What Was Disclosed
GitHub published advisory GHSA-9rfg-v8g9-9367 for CVE-2026-42462, a high-severity issue in the npm package @fedify/fedify. The advisory lists versions before 2.2.3 as affected and 2.2.3 as the patched version.
Fedify's 2.2.3 changelog and release notes say the release fixed a Linked Data Signature verification issue that could let certain signed activities be interpreted differently than intended. The advisory was published in the Fedify repository on May 20, 2026 and published to the GitHub Advisory Database on May 26, 2026.
Why Shape and Graph Can Diverge
The vulnerable boundary was not ordinary JSON syntax. The advisory explains that Linked Data Signatures were checked over a canonical RDF graph representation, while application behavior still depended on the incoming JSON-LD tree shape.

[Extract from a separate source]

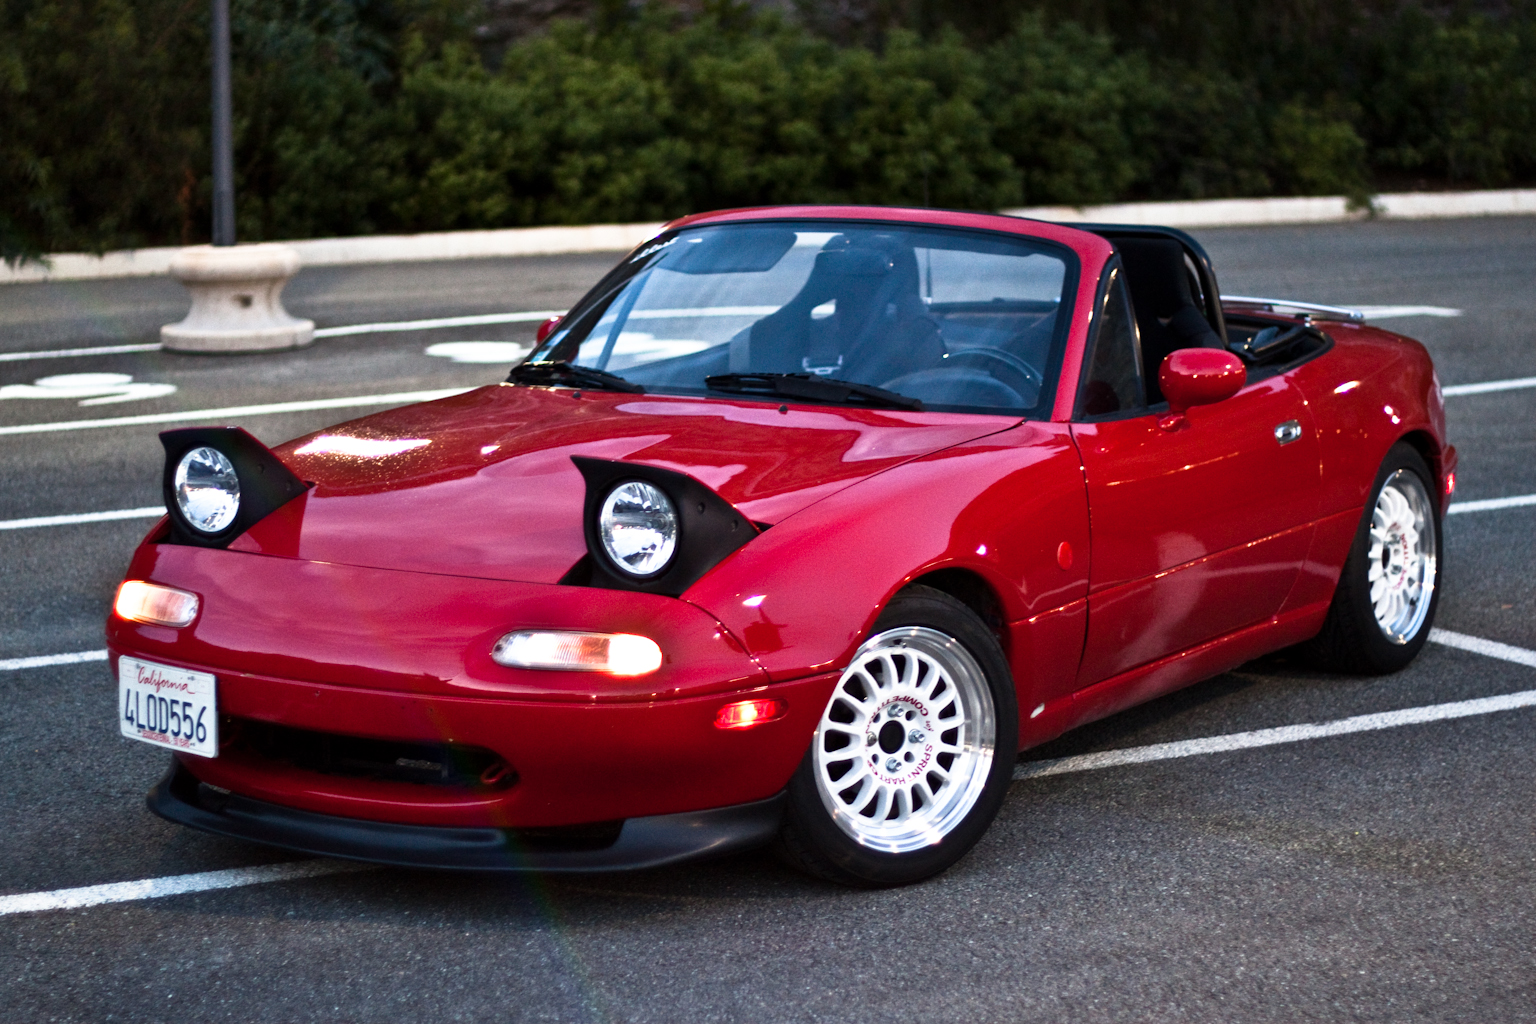 Red Mazda Miata mx5 | Flickr - Photo Sharing!

JSON-LD can express the same graph through different object structures, so a signature can stay valid while the payload shape changes.
GitHub's advisory calls out JSON-LD features including @graph, @reverse, and @included. Those features can move or hide fields from the tree shape many ActivityPub implementations inspect, while preserving the graph representation used for signature verification.

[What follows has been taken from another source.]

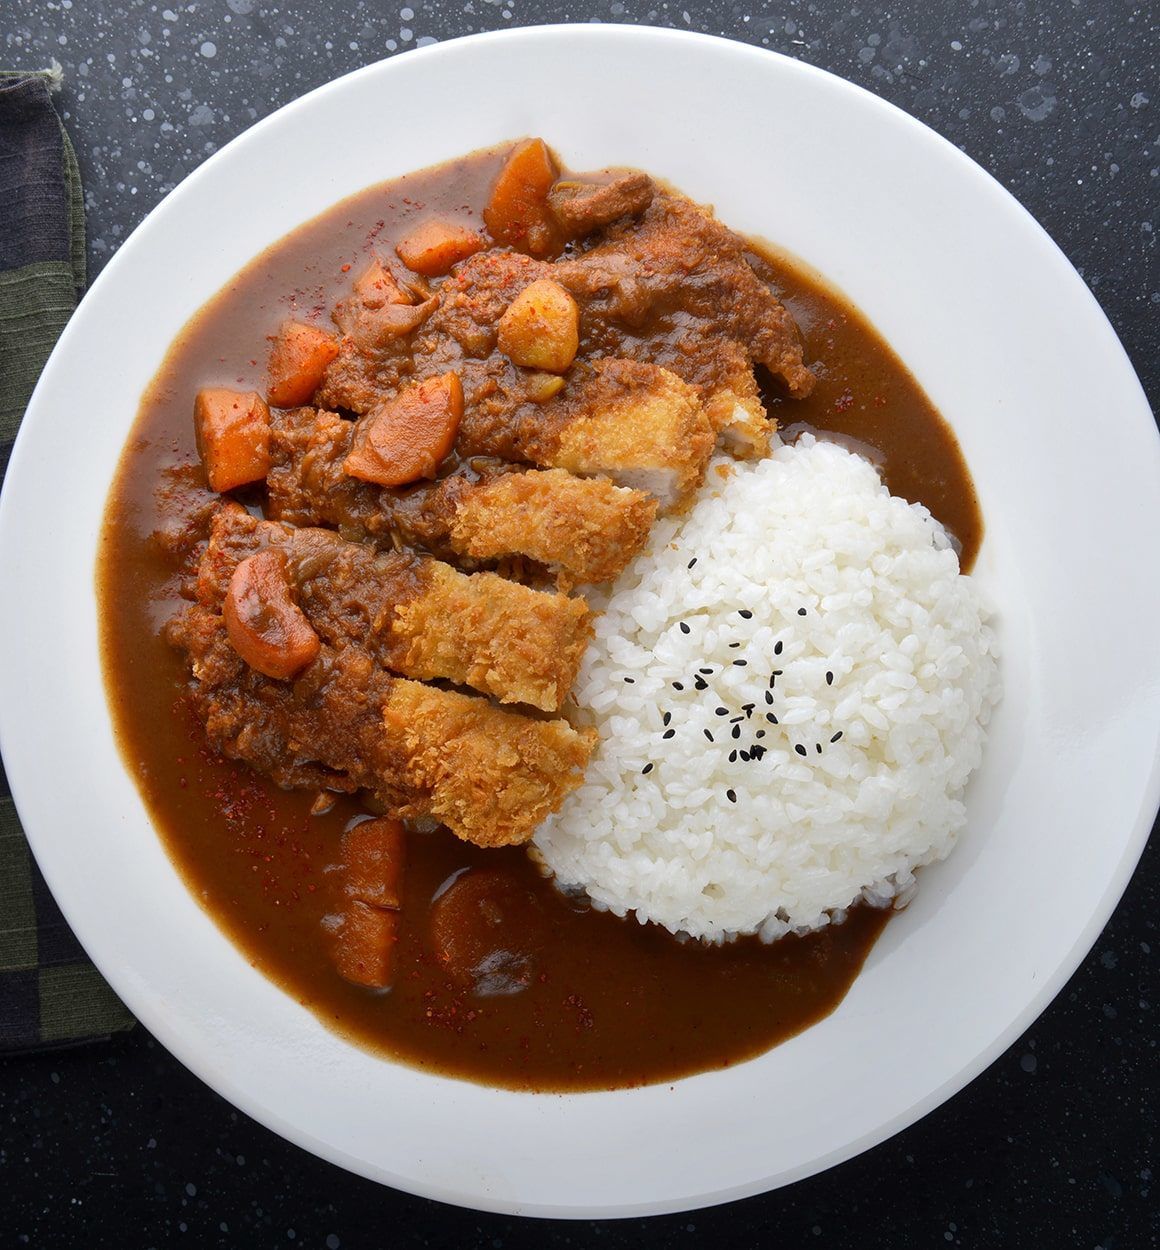 Wagamama Katsu Curry Meal Kit Reviews

The Validation Boundary Lesson
For JSON-adjacent security checks, this is the same lesson seen in parser interoperability issues: a payload must be validated in the same representation that the application will consume. Syntax validity, pretty printing, canonical graph equivalence, and business-rule interpretation are separate checks.
That distinction matters for browser-based developer tools. A local JSON formatter or diff tool can keep pasted data private and can make risky structures visible, but it should not imply that a signed JSON-LD document is safe for a specific ActivityPub or Linked Data workflow unless it applies that workflow's exact compaction, rejection, and verification rules.
Guidance for Developers
Projects using @fedify/fedify should upgrade to 2.2.3 or later. The advisory recommends rejecting @graph, @included, and @reverse after compacting incoming activities to the application's local context, because aliases can otherwise hide those keywords.
More generally, tool authors should be explicit about the trust boundary they cover. Formatters, repair tools, and validators can confirm that bytes form JSON and can help inspect suspicious structures locally, but signature, authorization, and replay checks need to run against the exact normalized form the application will act on.